Минуй нас пуще всех печалей
И барский гнев, и барская любовь.

Господи! Ведь вот что со мной делает Невский, буквально превращает  в дурака! - Эта встреча с царем, когда он меня окликнул, была не только что!  А  в прошлом году, в Петергофе! Царь ехал на линейке, а я шел по краю дороги, когда  услышал его низкий властный голос. Но сейчас так проникся этим воспоминанием, что поспешил, согласно этикету, остановиться, и рука уже потянулась к шляпе.
Это все Невский. Здесь у меня действительность всегда готова уступить  воображению. Трудно представить, что бы со мной сделалось, отпусти меня царь за границу. Где-нибудь в Париже или в Риме,  посреди тамошней шумной, счастливой толпы - да я бы там, чего доброго, совсем с ума сошел!
Сегодня вышел из дому с некоторой надеждой на отрадные впечатления от Невского. Пойду по этой стороне, как ходили с Дельвигом.

Начинали мы со здания Главного Штаба с его аркой - творение зодчего Росси. "Росси придал Петербургу классический вид",- говорил Дельвиг. Отсюда медленно шли к Михайловскому дворцу, потом - всё Росси - к Александринскому театру.
    
... со мной доброго Дельвига нет;
В темной могиле почил художников друг и советник.
Как бы он обнял тебя, как бы гордился тобой!

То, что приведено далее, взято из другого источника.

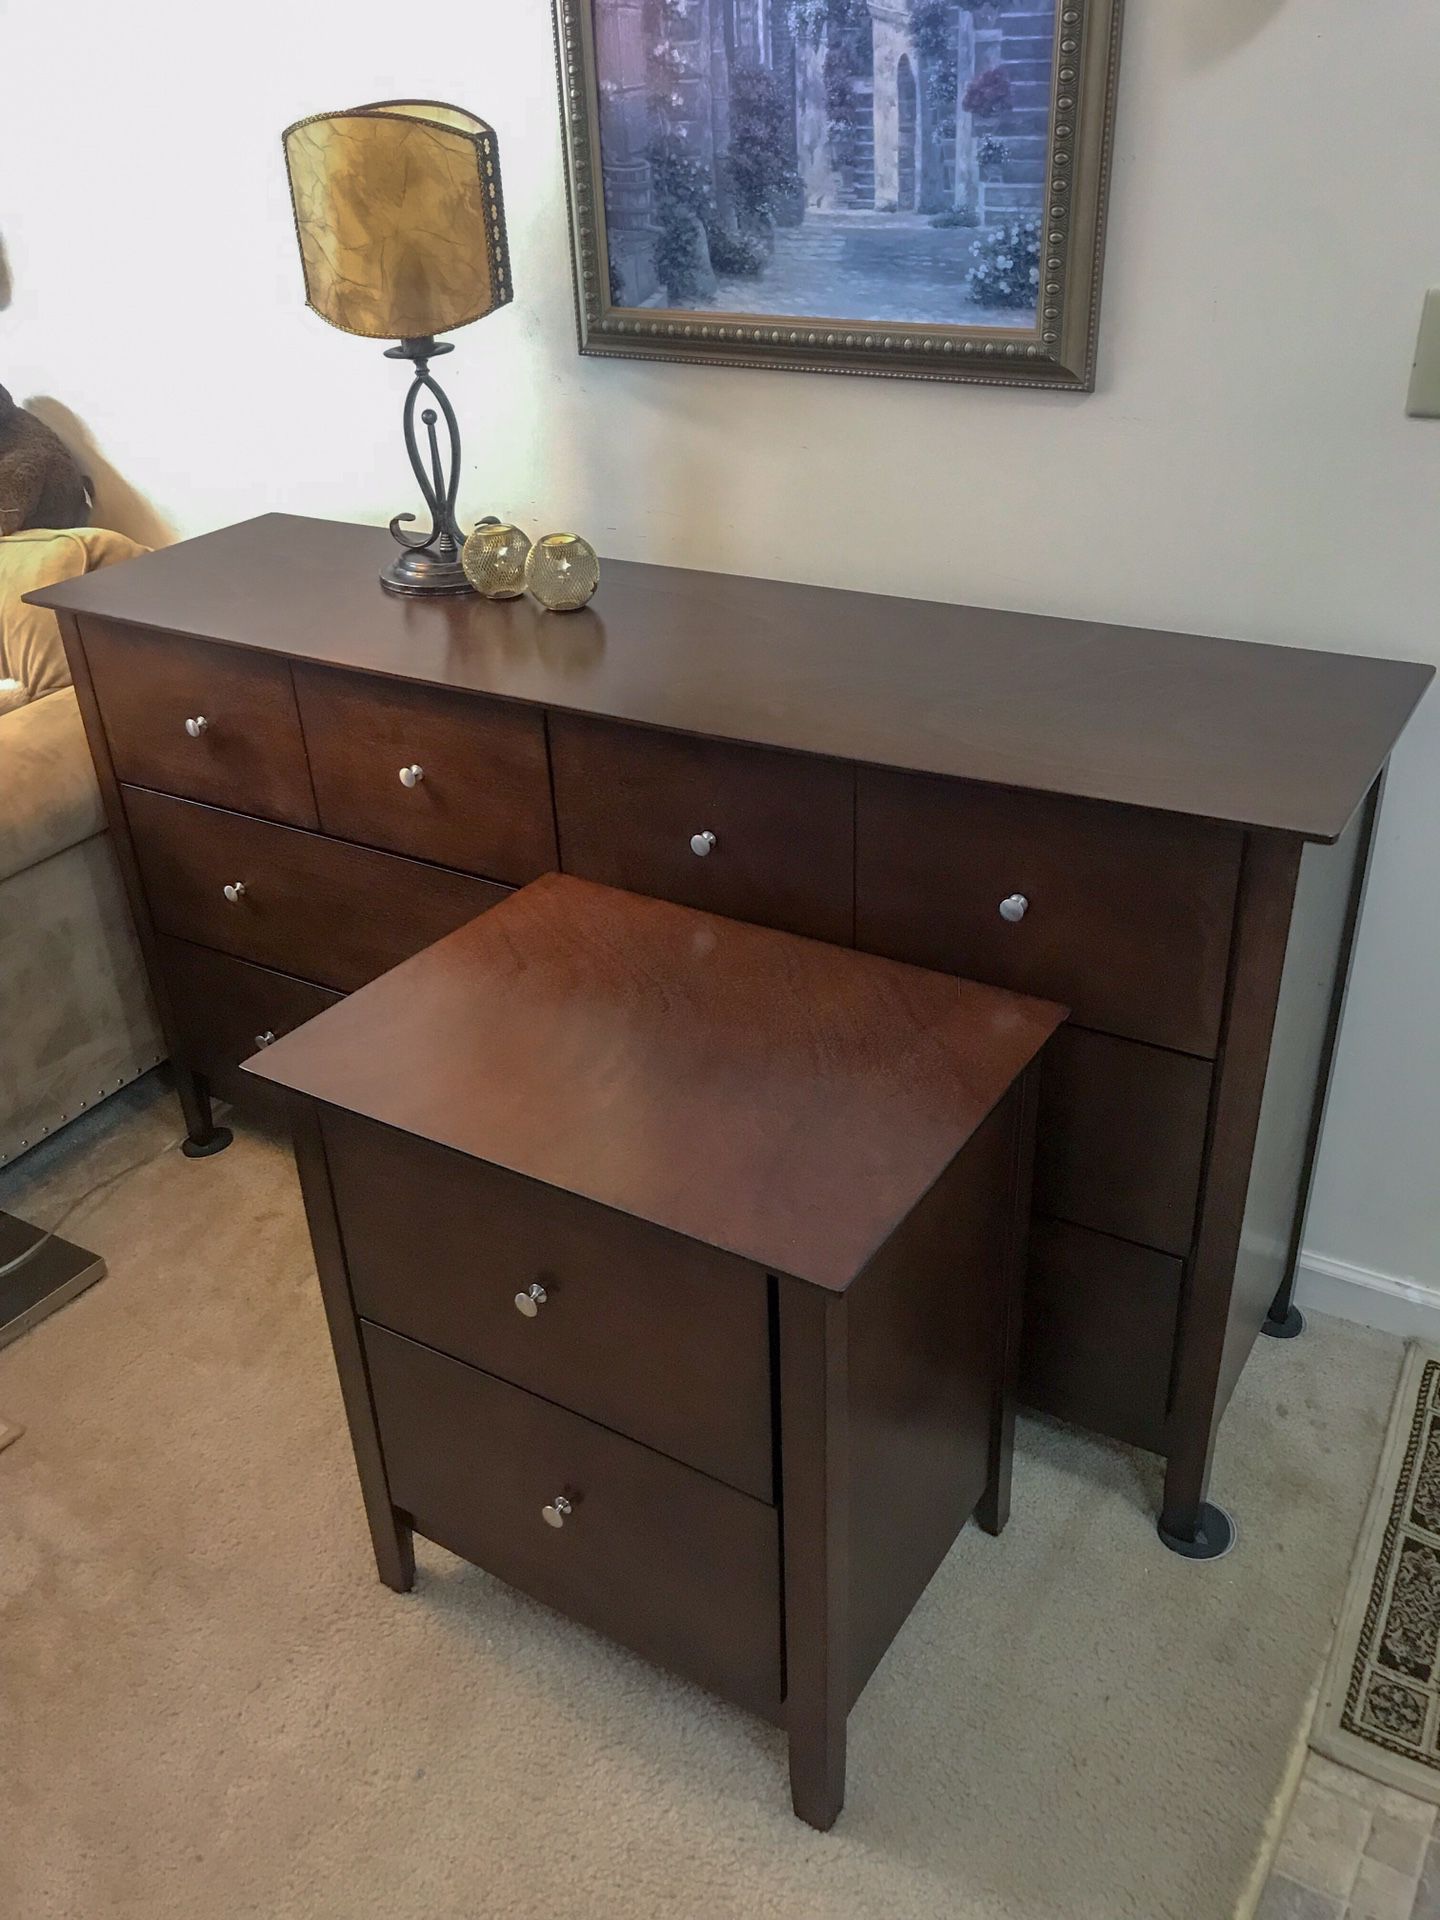 Dresser and nightstand in excellent condition

Помню, когда мы еще были в Лицее, посреди  Невского тянулся бульвар. Потом деревья переместили на обочины - сначала  это выглядело так странно, непривычно...
Что за карета? Несется с такой скоростью! Мелькнула закутанная женская фигура,  рядом -  военный. Мчатся мимо всех экипажей, чуть ли не раздвигая их, - сумасшедшая езда! Что это - увоз? Похищение? Конечно, вздор, но я успел задохнуться от испуга, вон как сердце стучит...
... Моя жена - ангел. Она первая европейская красавица (это знающие люди говорят), равных ей нет. Не удивительно, что вокруг нее должна быть толпа поклонников, это в порядке вещей... Но на каждом балу, в каждом доме он подле нее, подле нее...

Недавно мостовую Невского выложили торцами. Это такие шестигранные деревянные штучки, они заглушают звуки  колес и копыт.
- Жуковский! - Проехал, не услышал, смотрит в другую сторону. Завтра суббота, значит, вечером я у него.
На углу Невского и Садовой  Росси возвел чудное здание библиотеки с роскошно украшенным фасадом: барельефы, статуи  античных поэтов и философов,  богиня мудрости Минерва. Дельвиг тут подолгу  простаивал.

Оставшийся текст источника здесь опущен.